═══ Data supplied ═══
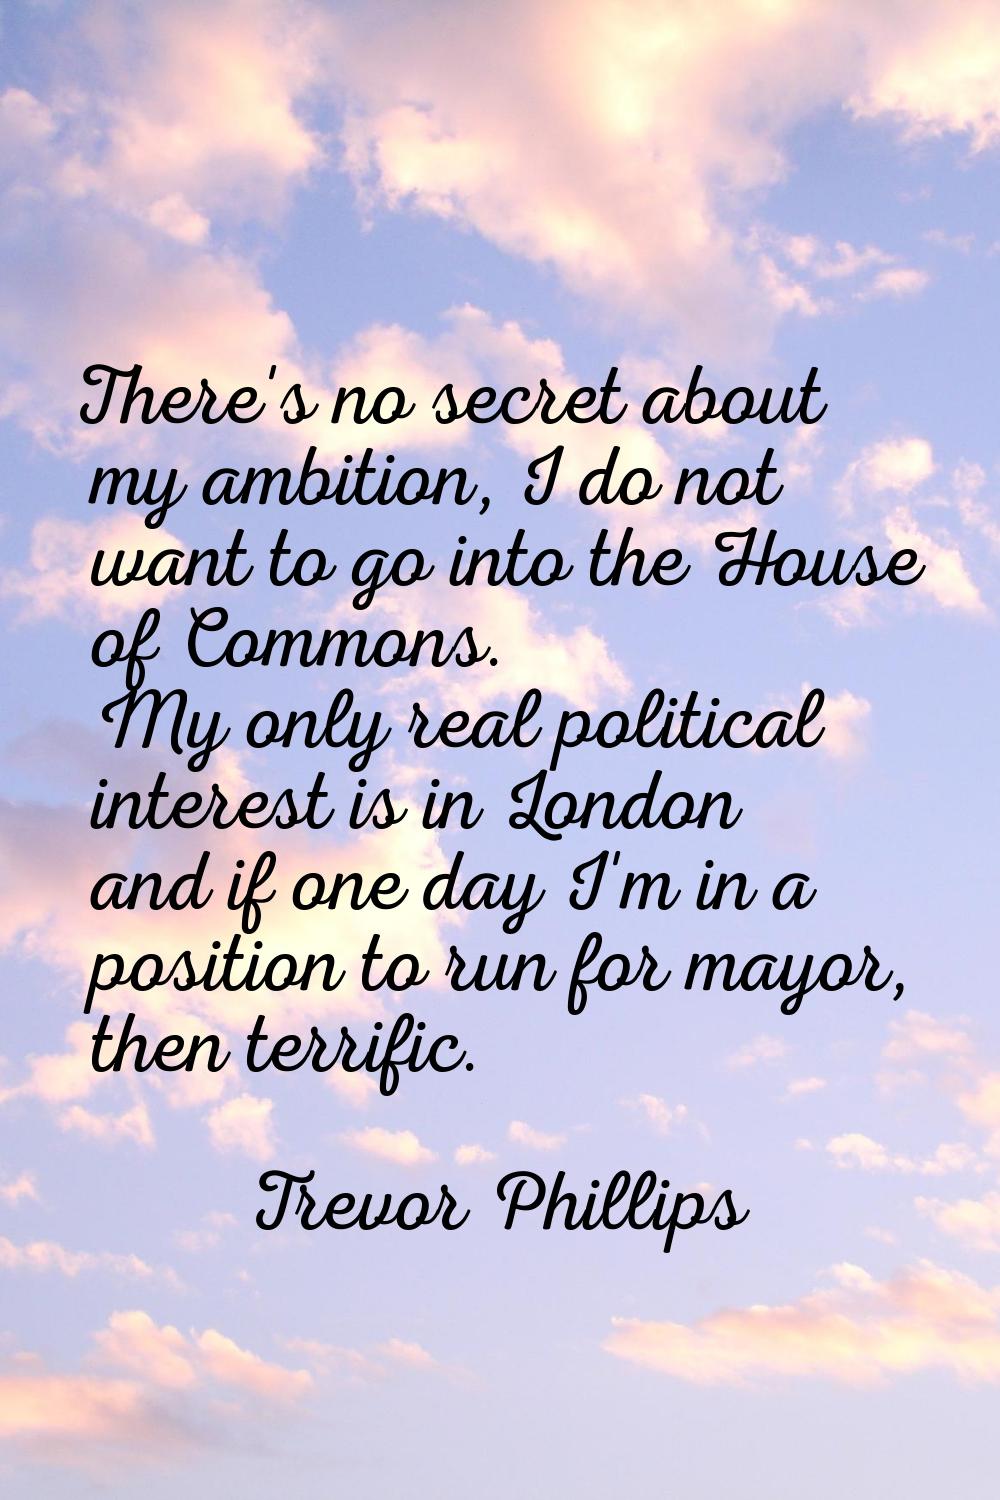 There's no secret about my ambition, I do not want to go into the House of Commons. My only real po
═══
═══ Data supplied ═══
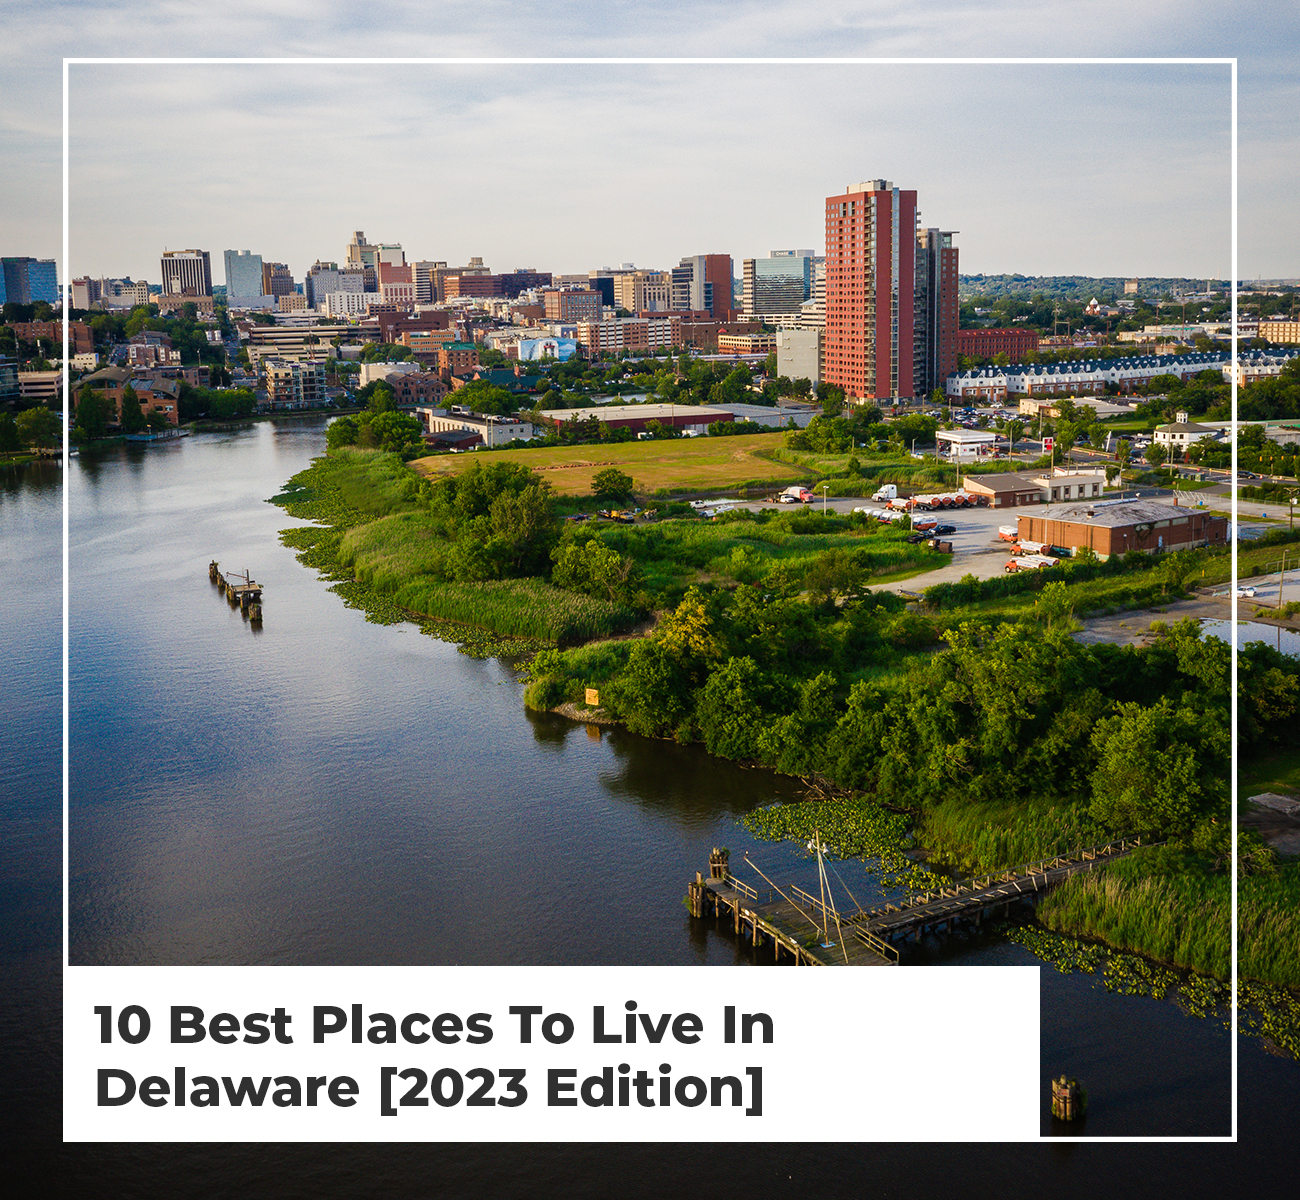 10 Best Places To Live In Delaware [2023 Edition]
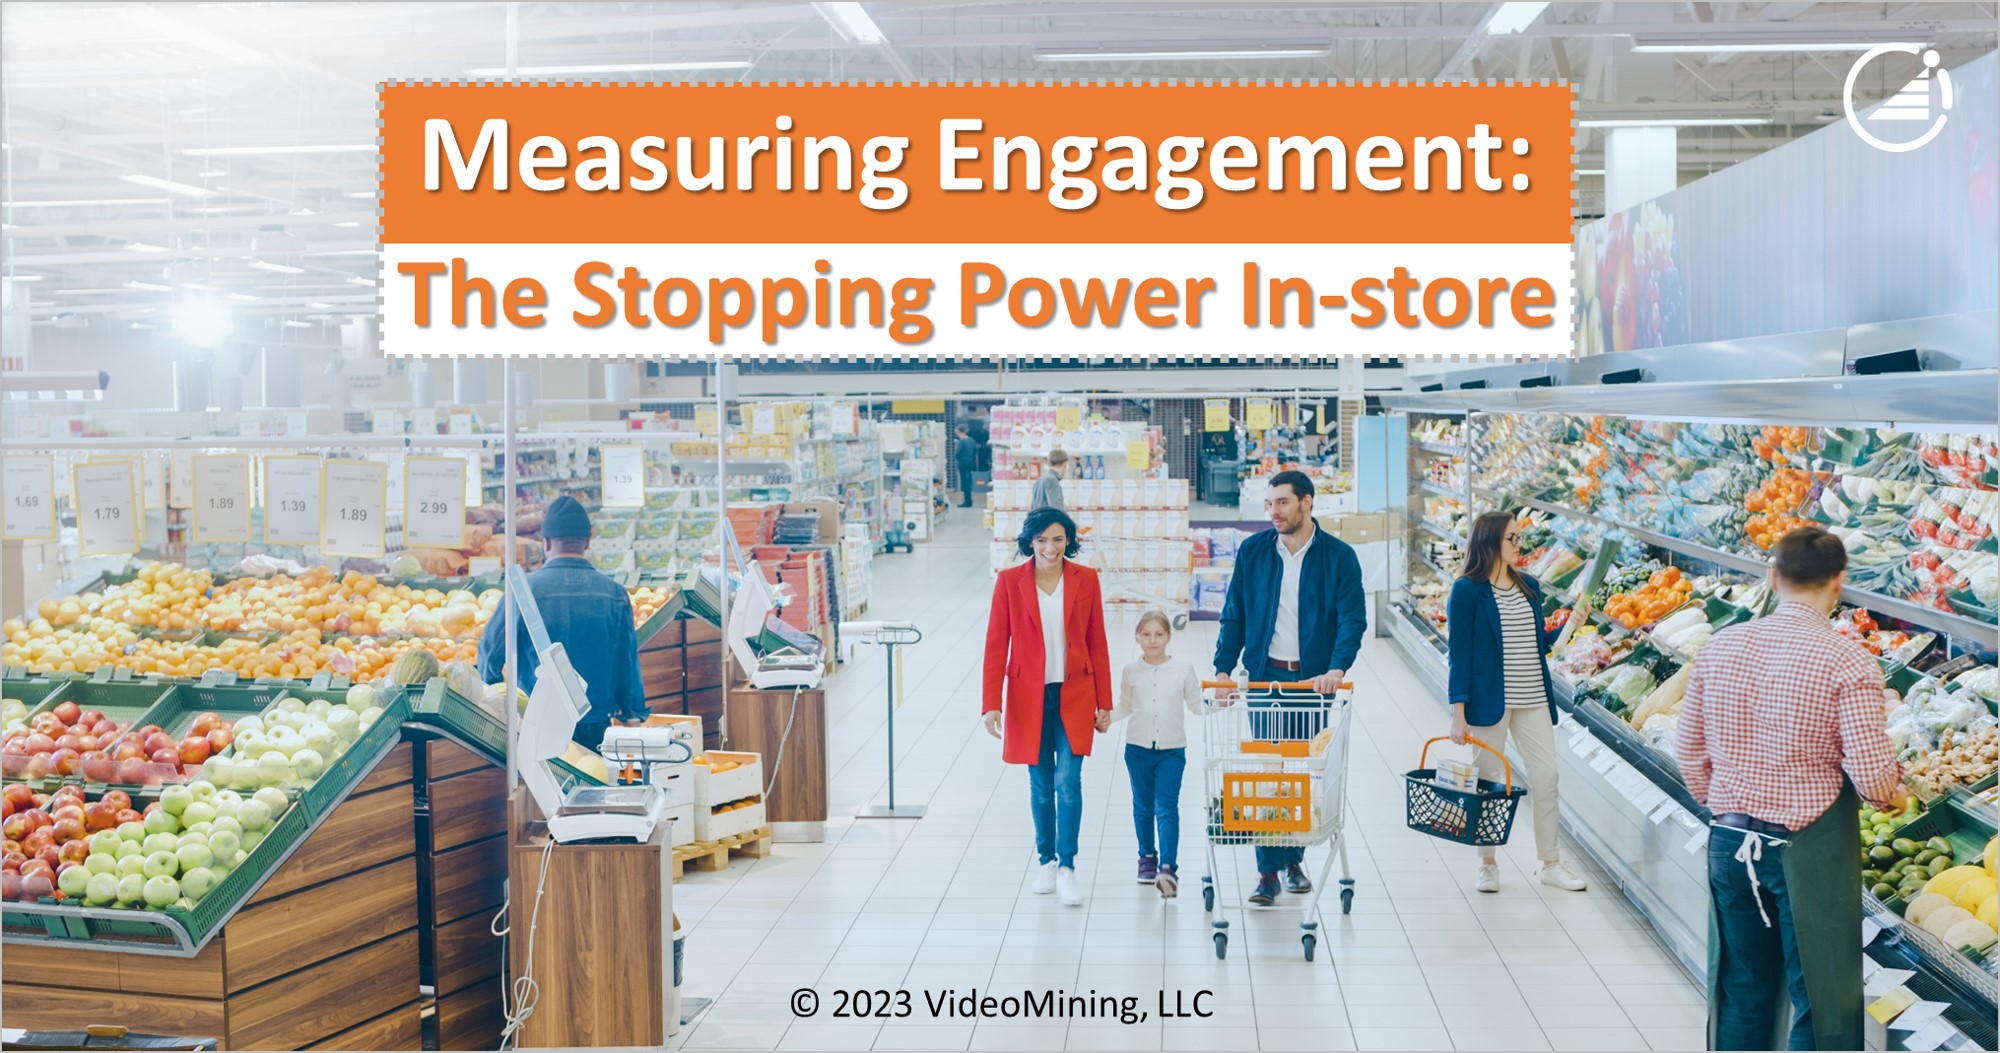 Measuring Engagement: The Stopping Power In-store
═══
### Task objective
Go back to the listing above and write out the lines starting at the one with "10 Best Places" and ending at the one with "Measuring Engagement: The", inclusive, exactly and without pictures.

### Task result
 10 Best Places To Live In Delaware [2023 Edition]
 Measuring Engagement: The Stopping Power In-store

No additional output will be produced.